If he needs a million acres to make him feel rich, seems to me he needs it 'cause he feels awful poor inside hisself, and if he's poor in hisself, there ain't no million acres gonna make him feel rich, an' maybe he's disappointed that nothin' he can do 'll make him feel rich. - John Steinbeck, The Grapes of Wrath

Tuesday, October 6, 2015

At Some Point in Here I Review Kings in Disguise

We recently celebrated Labor Day again. Seems like we do this every year. These days it's celebrated kind of as a last hurrah of summer. My family and I threw a football around the park and I played a round of disc golf by myself because I don't have friends.

The park was full of revelers whose favorite past-time was, as far as I could tell, plopping a blanket down right in the middle of someone else's activity and then complaining about it. Also barbecuing.

It's not really uncommon in American culture to forget the reason behind a holiday. I mean, people celebrate Christmas without acknowledging its true meaning: the pagan worship of nature gods by bringing living trees into our homes and hanging baubles from them. I swear, the next time someone wishes me a "happy holiday" I'm going to shove mistletoe into their mouths and scream at them. "Don't you know that mistletoe aided Loki in his killing of Balder in the Norse Mythology! Remember Sol Invictus, the pagan god whose birthday we've celebrated on this day for thousands of years. Do not forget Odin, the All-Father, also known as Sinterklaas, or his black-faced minions will report it to his attending ravens, Huginn and Muninn. The results will not be pleasant I can tell you." Then I'll pay for my goods with my phone like they do in TV commercials.

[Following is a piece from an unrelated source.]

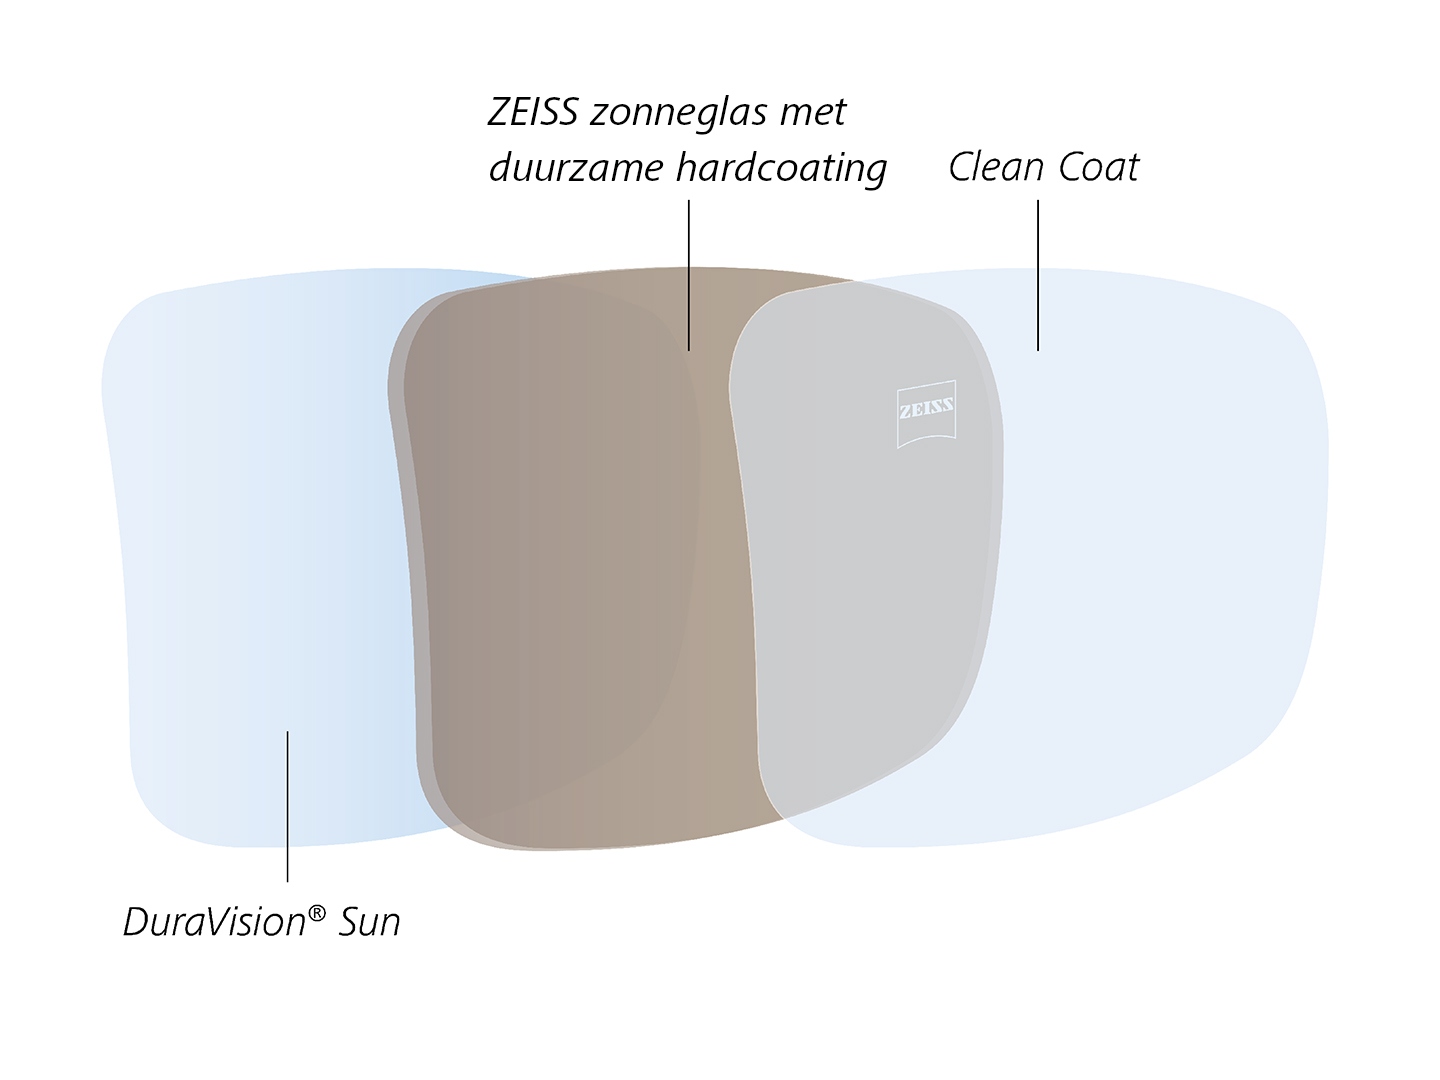 Illustratie van antireflectiecoating aan de achterzijde met water- en olieafstotende eigenschappen, speciaal ontworpen voor getinte brillenglazen.

We don't forget the true meaning of Labor Day, though. On that day when George Washington and Abraham Lincoln stood back to back with their semi-automatic assault muskets and singlehandedly fended off the entirety of the Muslim nation with only their wits and several hundred bunker buster bombs. To celebrate this victory, they emptied the nation of all immigrants (housekeeping and child-raising staff excluded) and ceremoniously (and literally) wiped their presidential unmentionables with the tax code. Finally, John Adams flew in on an F-16 and with a few surgical hellfire missile shots, managed to turn the Statue of Liberty around, her back then facing the crowd of dirty freeloaders looking for a free ride on Uncle Sam's 4-wheeler.
This is why we celebrate Labor Day with lines of American flags up and down the street. F you, socialism, the flags seem to say. In places where they are not arranged to literally say that, I mean, as outlined in the Flag Code. We call these places Blue States. And that's the last we'll say about them. On that day we celebrate Freedom. And Capitalism. And certainly not government intervention of any kind (unless it's enforcement of the aforementioned Flag Code.)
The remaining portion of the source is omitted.